In creating the two Territories it was tacitly hoped that Kansas would resolve itself into a slave State and that Nebraska would remain free, thus preserving the balance of power between the free and slave factions. This hope was immediately threatened by a movement in the New England States, begun by Eli Thayer of Massachusetts with the organization of the New England Emigrant Aid Company in 1854. The movement proposed to send 20,000 Free Soilers into Kansas each year, but failed to attract emigrants in any such numbers. Still its existence aroused the pro-slavery advocates, who retaliated with counter organizations known as the "Blue Lodge," "Sons of the South," and others. Both movements proposed a "Squatter Sovereignty."

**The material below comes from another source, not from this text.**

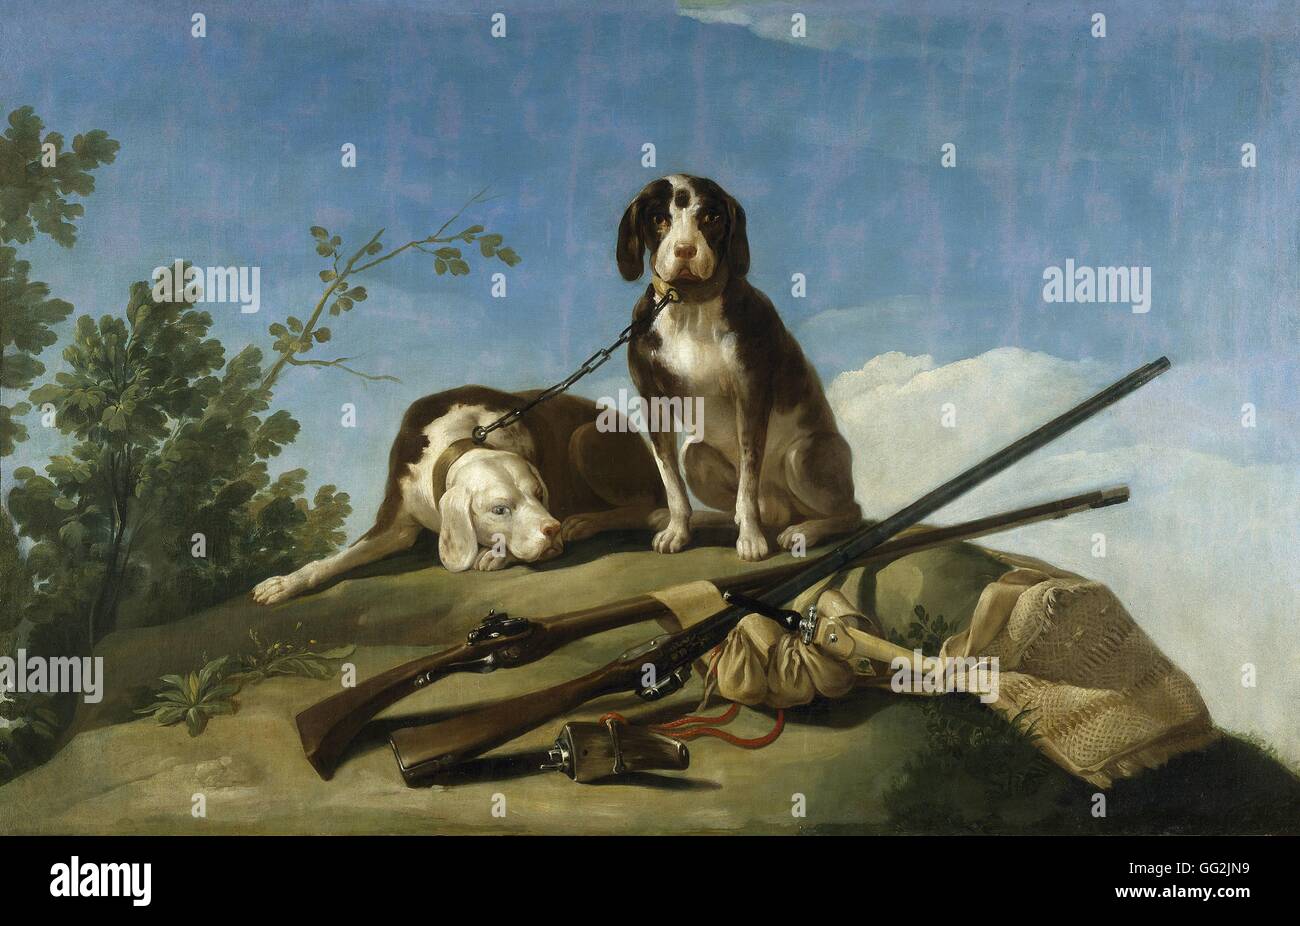 Francisco de Goya y Lucientes Escuela Española de perros con una correa Perros en trailla 1775 Óleo sobre lienzo (112 x 174 cm) para tapiz modelo Madrid, Museo del Prado Foto de stock

The Kansas Territory at that time had no more than 1,500 white persons, approximately 700 of whom were in military service and therefore ineligible for the ballot; the others lived in small groups clustered about the trading posts and Indian missions, and along the Oregon and Santa Fe Trails. But across the State line in the western counties of Missouri, were 80,000 citizens who owned approximately 12,000 slaves. It was to their interest to control the policies of the future State, and their resentment of antislavery activities was particularly intense. Many immediately crossed the Kansas line to "spot" claims, pending further action by the Government.
In May 1854 treaties were made with the Delaware and Shawnee in eastern Kansas, by which more than two million acres of their reservations were made available to the whites by public auction and preemption. The race for Kansas was on. Settlers poured into the new Territory from Ohio, West Virginia, Indiana, Illinois, Iowa, Pennsylvania, and especially from Missouri. They came in caravans of prairie schooners or Conestoga wagons, by steamboats, on horseback, on foot in companies and alone. The majority brought their families, their cattle and farm implements, their spinning wheels and looms.